Электронная библиотека книг » Хорас Маккой » Лучше бы я остался дома » Текст книги (страница 3)
Лучше бы я остался дома
  • Текст добавлен: 7 октября 2016, 02:55

Текст книги "Лучше бы я остался дома"


Автор книги: Хорас Маккой



сообщить о нарушении

Текущая страница: 3 (всего у книги 9 страниц)

– Прошу тебя… – устало взмолилась она.

– Тебе не помешает, если я останусь и поем здесь?

– Ради Бога…

7

После обеда я отправился к Стенли Бергерману. Контора у него была в том месте, где бульвар Сан-сет, бульвар Заходящего Солнца, сворачивает к Беверли Хиллз. Девушка за столом сказала, что мистер Бергерман обо мне предупрежден и что мне надо только минутку подождать.

– Разумеется, – кивнул я и уселся в приемной. «Почему секретарши других импресарио не такие милые?» – думал я.

Чуть позже появился Бергерман, подал мне руку и пригласил в кабинет. Я положил на стол альбом с вырезками из газет.

– По мнению миссис Смитерс, у вас есть все данные, – начал он без долгих церемоний.

– Ну, я надеюсь…

Он взглянул на меня и чуть поморщился.

– Вы с Юга, да?

– Да, из Джорджии.

Он задумчиво закурил, чтобы выиграть время, и по его поведению мне стало ясно, что если у него и был ко мне интерес, то он уже пропал.

– Вы говорите с сильным акцентом. Это плохо.

– Я не думал, что это так заметно.

– Просто ухо режет – непереносимо, – поморщился он снова. – Не удивлен, что у вас возникли проблемы при попытках попасть в кино.

Я рассказал ему о Малом театре у нас дома, о мистере Балтере, который пригласил меня на пробы и так и не сообщил об их результатах, и как я наконец пошел статистом в массовки, потому что думал, что наберусь хоть какого-то опыта.
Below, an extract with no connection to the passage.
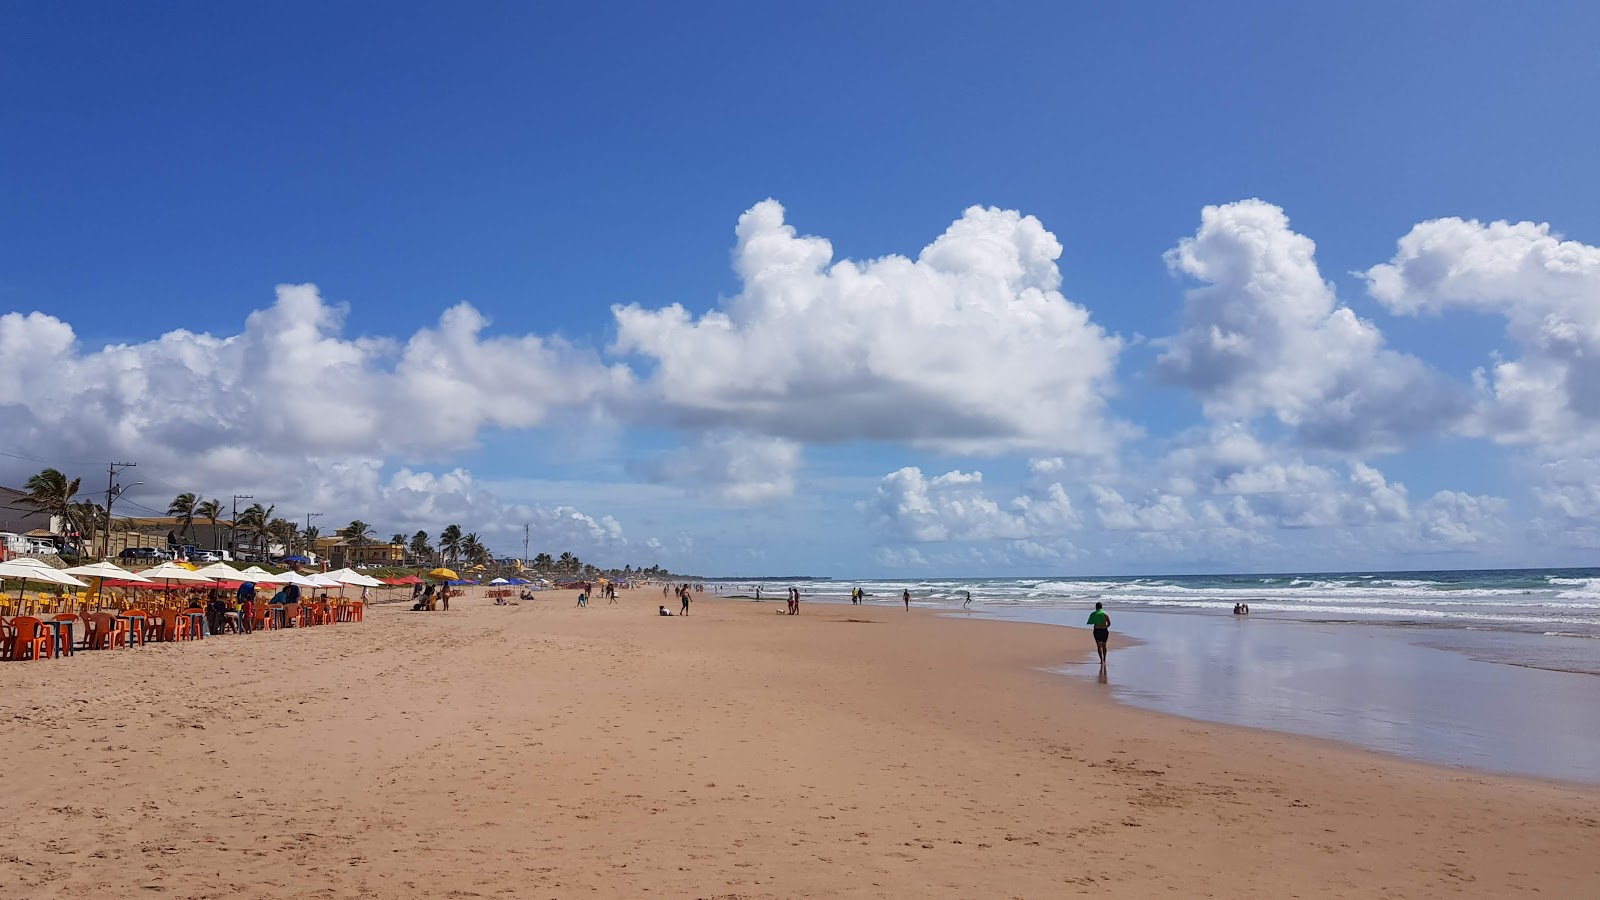 Praia de Ipitanga'in fotoğrafı parlak kum yüzey ile
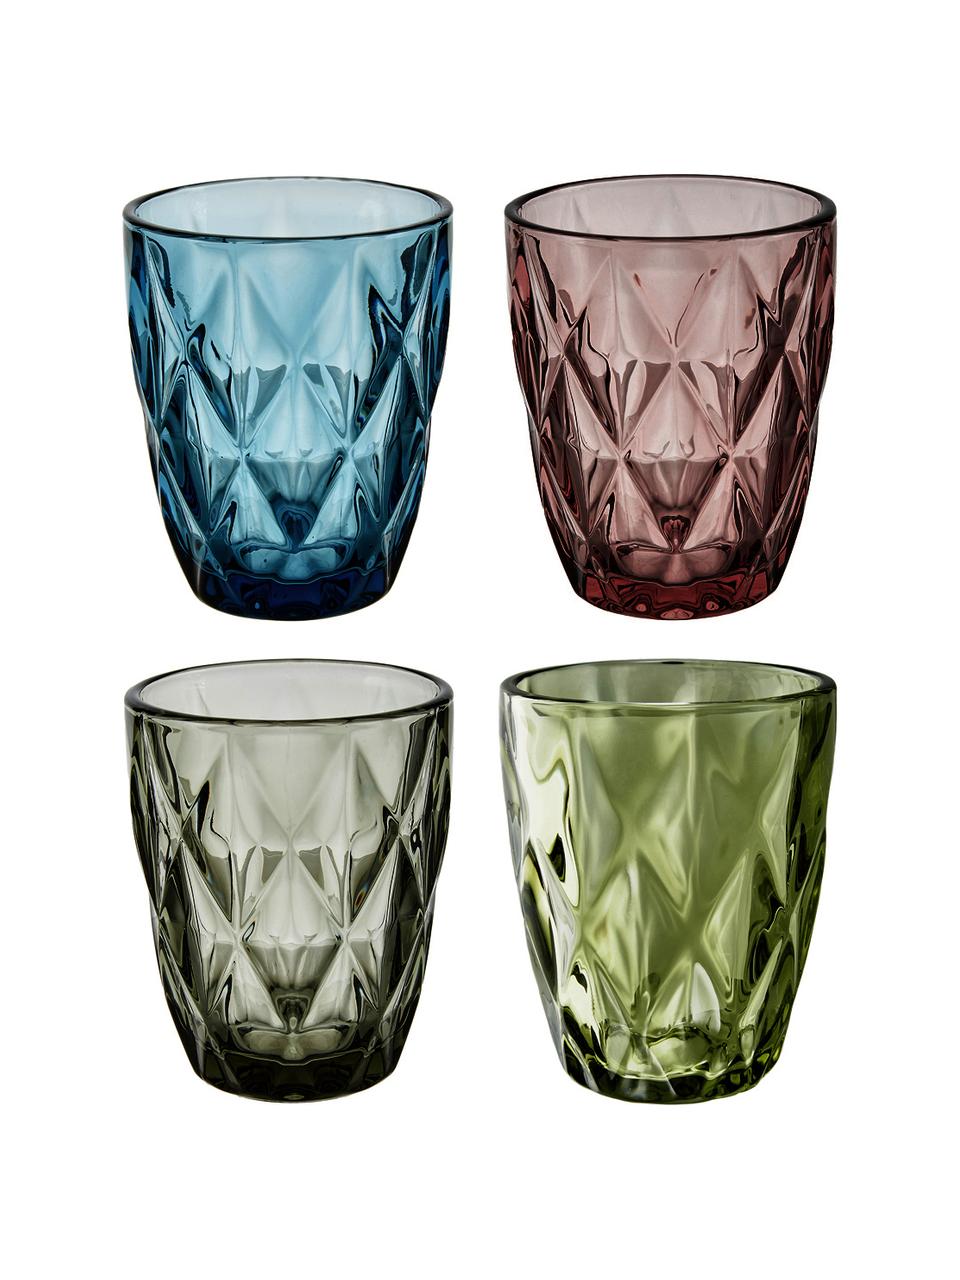 Komplet szklanek Colorado, 4 elem., Szkło, Zielony, blady różowy, niebieski, szary, Ø 8 x W 10 cm, 260 ml

Показал ему альбом с вырезками обо всех спектаклях, з которых я играл, и еще несколько новых заметок, которые мне прислала мать, когда я уже был в Голливуде. В них писали, как здорово идут у меня дела и что я общаюсь со многими знаменитыми кинозвездами.

– Вы в самом деле со всеми знакомы? – спросил он.

– Нет, конечно, – сознался я, – но я их всех упоминал в письмах домой, матери, чтобы доказать ей, что я начинаю продвигаться, ну а она всему этому поверила и дала письма одному знакомому, который работает в газете, тот их и напечатал. Я вначале пришел в ужас: я-то сделал это только потому, что мать все время писала мне, чтобы я вернулся домой, а я хотел убедить ее, что не затерялся в Голливуде.

– Понимаю, – протянул он.

– Тогда вы поймете, почему я должен попасть в кино. У нас в городе кое-кто думает, что я уже чуть ли не звезда, и, если я не пробьюсь в кино достаточно быстро и не появлюсь на экране, начнут говорить: тут что-то не так.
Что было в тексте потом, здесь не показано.